Exclude the pictures. Transcribe exactly, and only, the lines from the one holding "Gloves, Anti Impact Gloves" to the end of the material below.

** Source material follows **

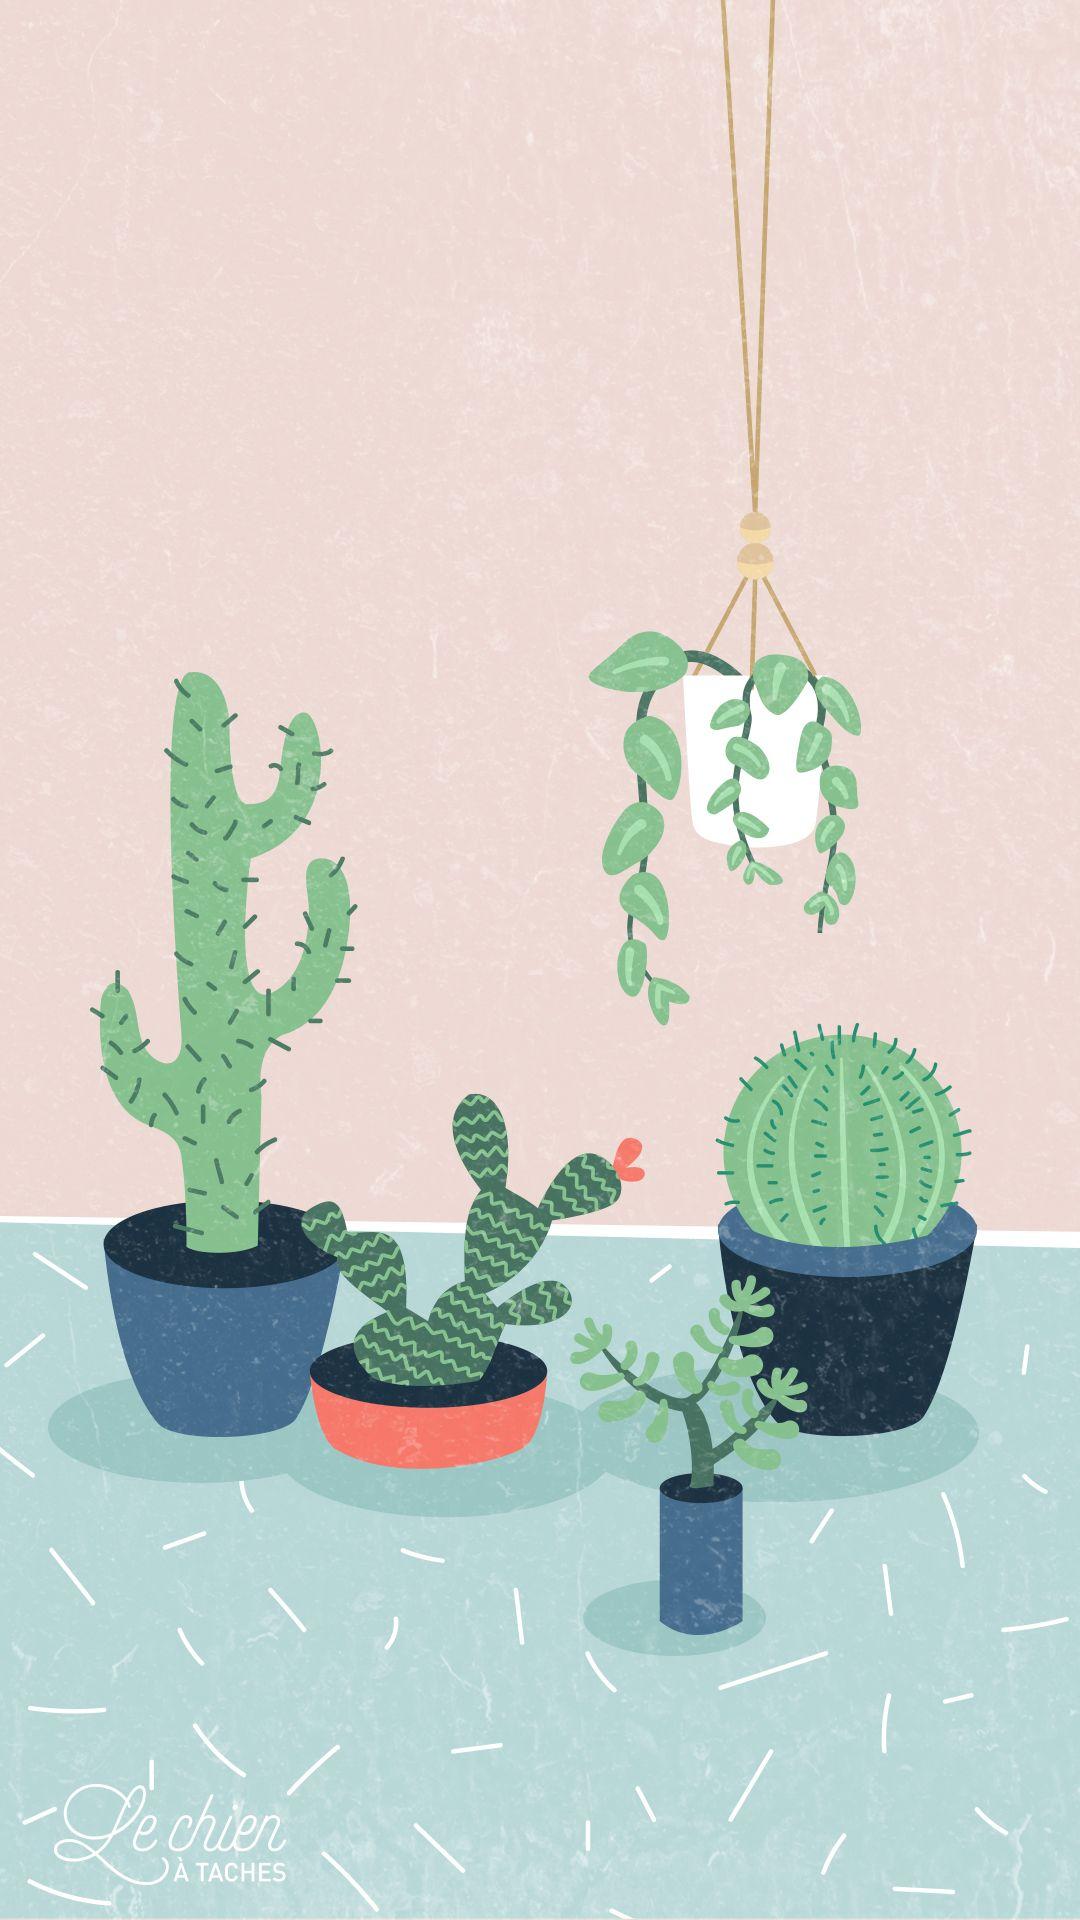 Cactus Girl Pastel Iphone Lock Wallpaper At Panpins Iphone
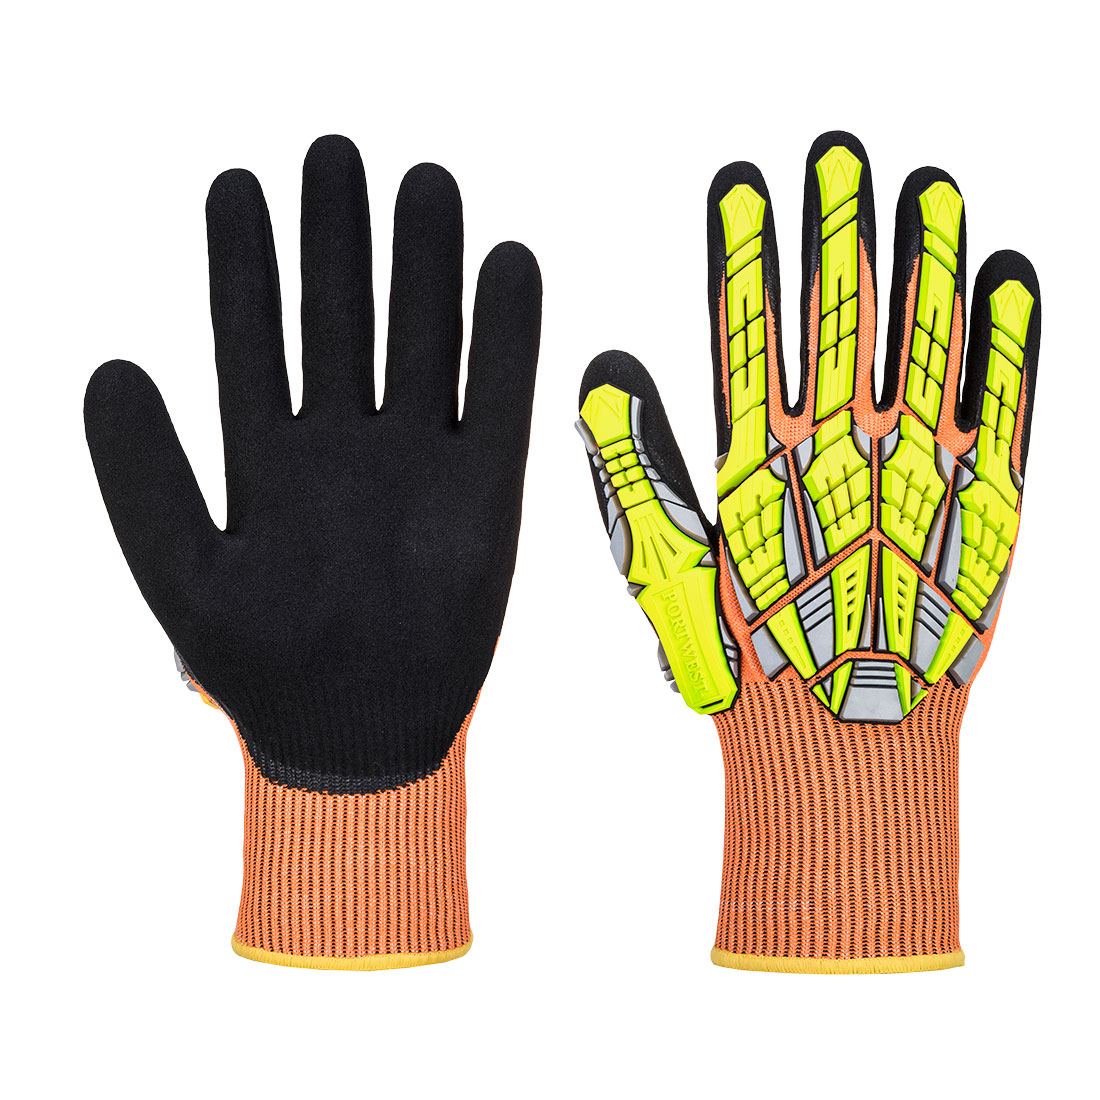 Gloves, Anti Impact Gloves
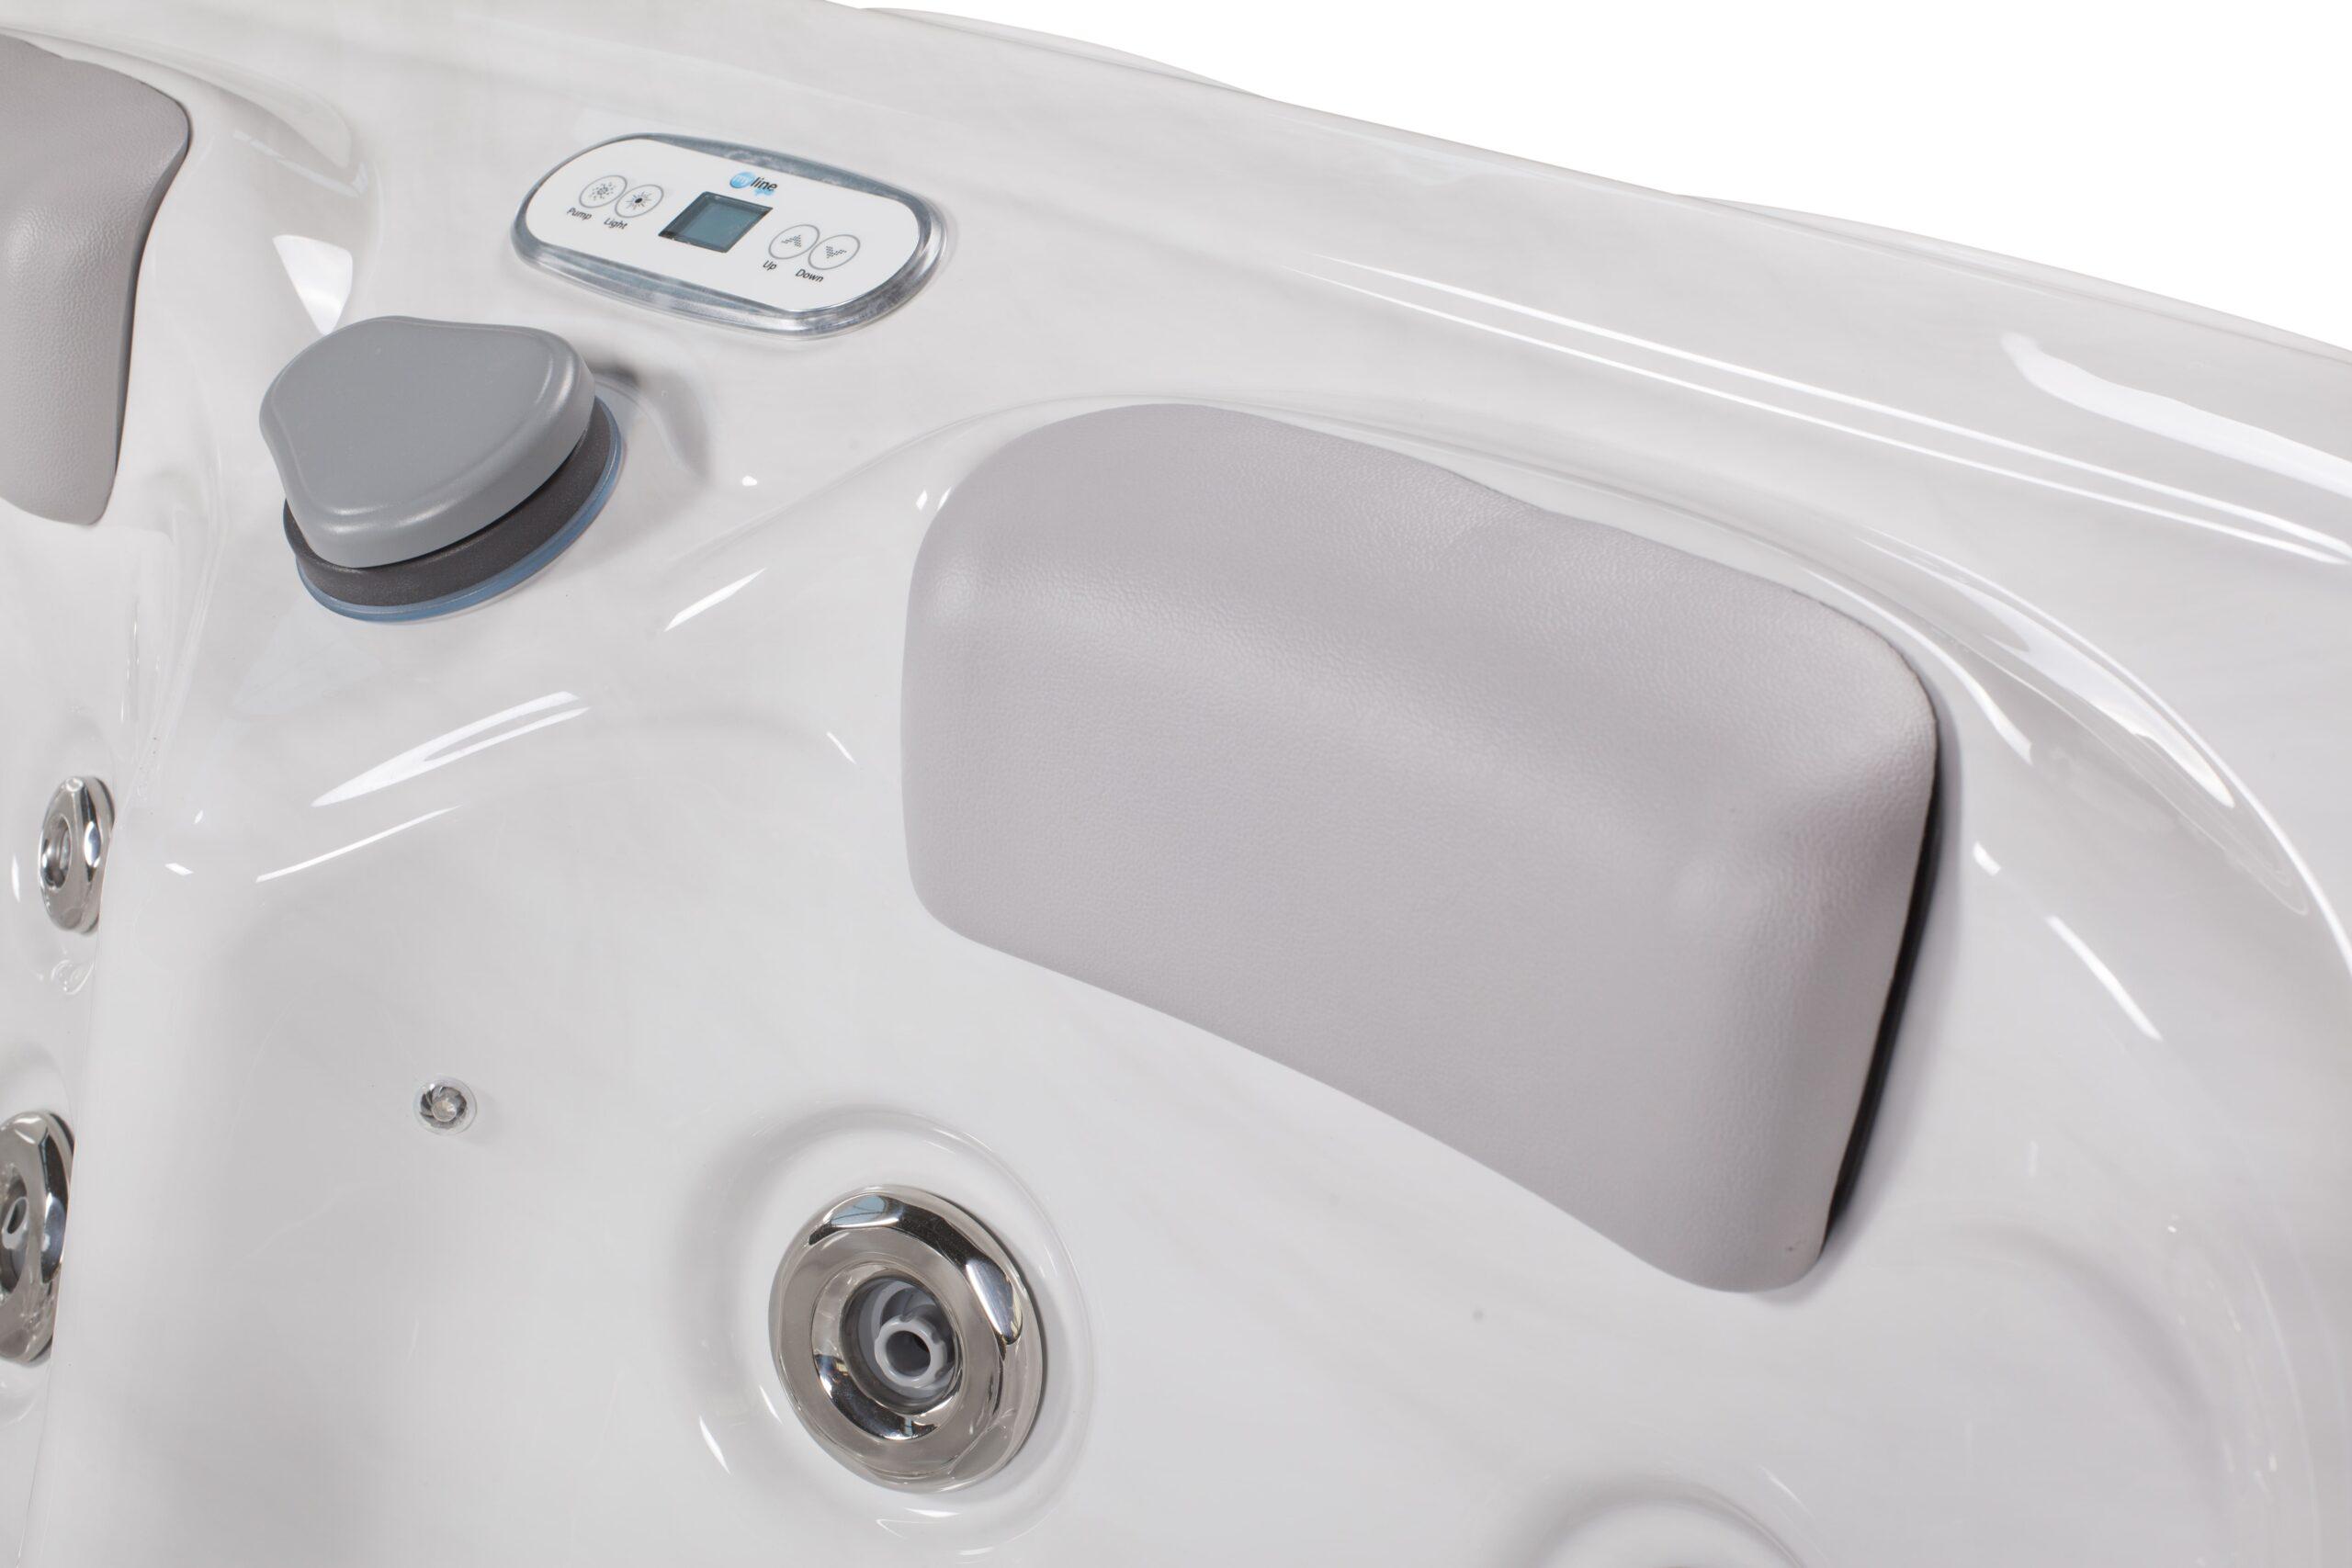 Luxury hot tub seating

** End of Source material **

* Answer for the task *
 Gloves, Anti Impact Gloves
 Luxury hot tub seating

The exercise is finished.